Watson and McQuorcodale should be prepared to handle all kinds of questions about their influences, because they seem to have reached an early career tipping point. In addition to performing at a recent well-attended SXSW gig and recently completing tours of the West Coast and Midwest with their mentors, the Denton-based [daryl], Black Tie Dynasty has just released its debut on local Idol Records. The six-song EP titled This Stays Between Us was produced by Brian McDonald, Mike Lamm, and the band (rounded out by Blake McWhorter on bass and Eddie Thomas on drums). The tunes were written in a completely collaborative process: Watson pens the lyrics, and he says the harmonic spine of a song “can come out of anywhere” — Brian’s keys or the rhythmic drive of Blake and Eddie.
The musicians have, in fact, a sizable bank of compositions that stretches back to their previous incarnation. Just two years ago, Black Tie Dynasty was called Moxie, whose signature sound was based on Watson and McQuorcodale’s straight-ahead indie-guitar approach. Moxie even released a full-length album.

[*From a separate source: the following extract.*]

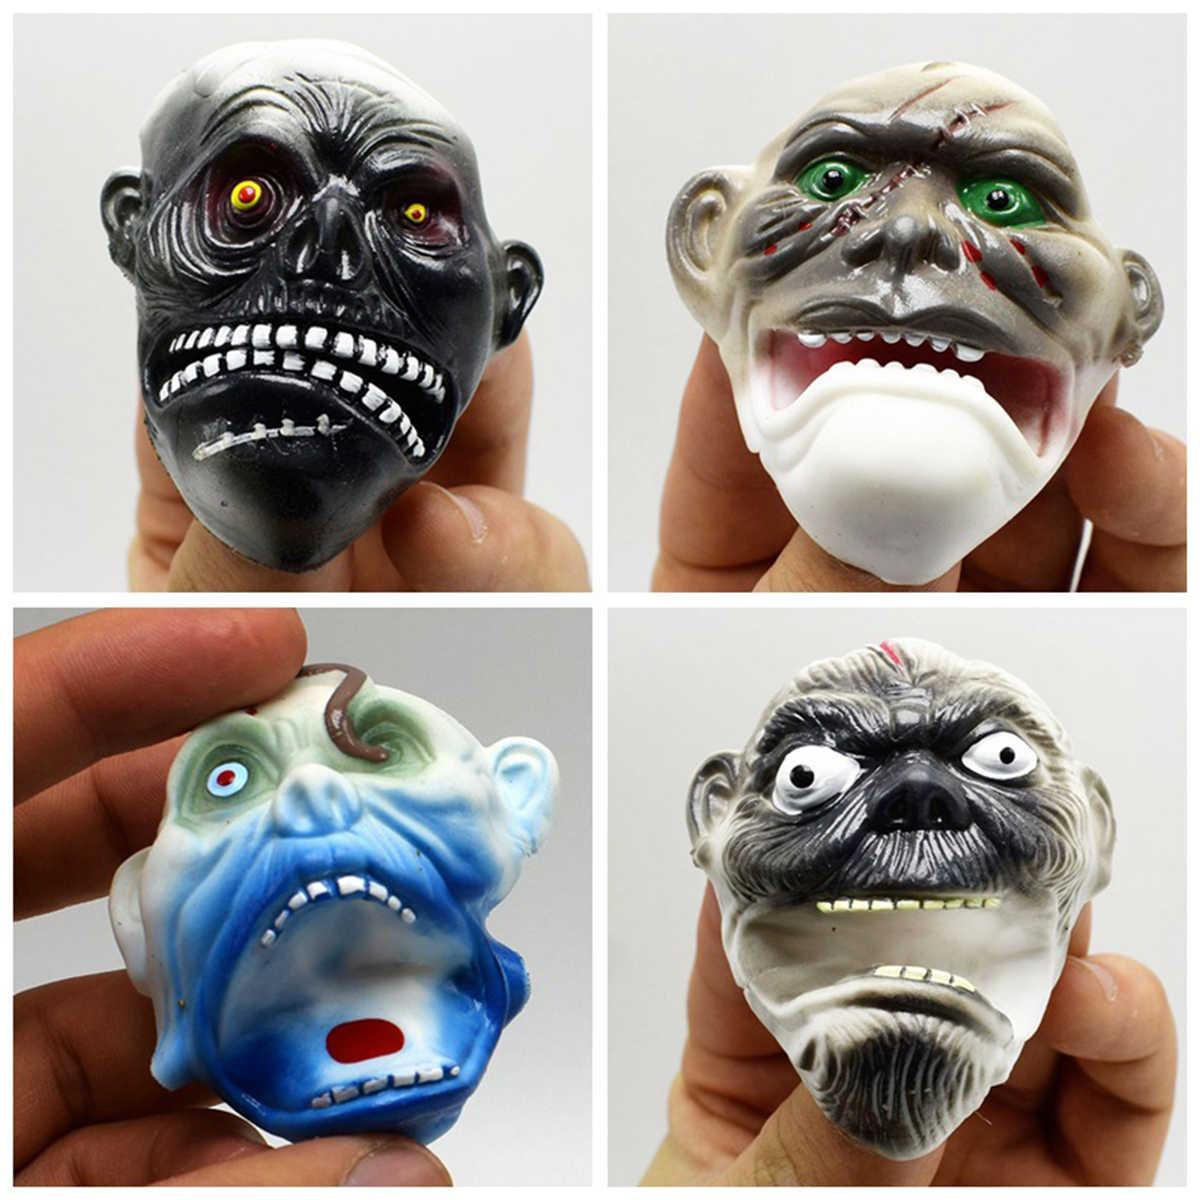 4 Pcs Hantu Wajah Boneka Tangan Lembut TPR Realistis Peran Bermain Mainan Hadiah untuk Pesta Halloween (Pola Acak)

But McQuorcodale says that, since he dropped piano to learn guitar as a teen-ager — something that most male adolescents who want to play in rock bands think they have to do — he had always yearned to return what he calls the “soulful” sound of the piano.
Watson doesn’t know if writing songs is easier with a keyboard than a guitar, but he says that “when Brian picks something out on the synth, it just sounds bigger and more emotional. I know it pulls more out of me as far as lyrics go.”
Black Tie Dynasty’s experience earlier this month in the Austin music festival is a textbook example of how corporations are trolling local scenes through the internet underground, looking for ways to enter the ground floor of a young band’s nascent success. Apple Computers approached the group to do a tie-in promotional for its iPod product. That promotion came in the form of 200 plastic “credit cards” with the band’s name and image as well as a PIN number so potential fans could download “Crime Scene” (the first tune off This Stays Between Us) from iTunes, the company’s e-music store.
The iPod promotion and SXSW have netted Black Tie the phone numbers of a couple of major-label A&R guys — who do return calls. At the moment, though, the band is intently focused on its next few baby steps, preparing to record and release its first full-length later this year, also on Idol Records.
Whether you tag Black Tie Dynasty as a particularly inspired ’80s nostalgia act or a group of eager archeologists updating a once-popular but now foreign-sounding vibe, the musical landscape does feel right for their ascendance. Las Vegas’ synth punks The Killers may have just beat Black Tie to the national charts, but there’s still an oversaturation of American Idol-style histrionics and testosterone-addled hip-hop in today’s youth market. The guys in Black Tie Dynasty are all dressed up and ready to revive a unique kind of cool: the gloomy sci-fi ballad that seems to love isolation as much as it yearns for romantic connection. Indeed, Cory Watson and Company usually try to “class it up” a bit with blazers and ties onstage. He even gives his eyelashes a few swoops with a mascara brush for dramatic effect. “But,” he added quickly. “I don’t wear it around the house.”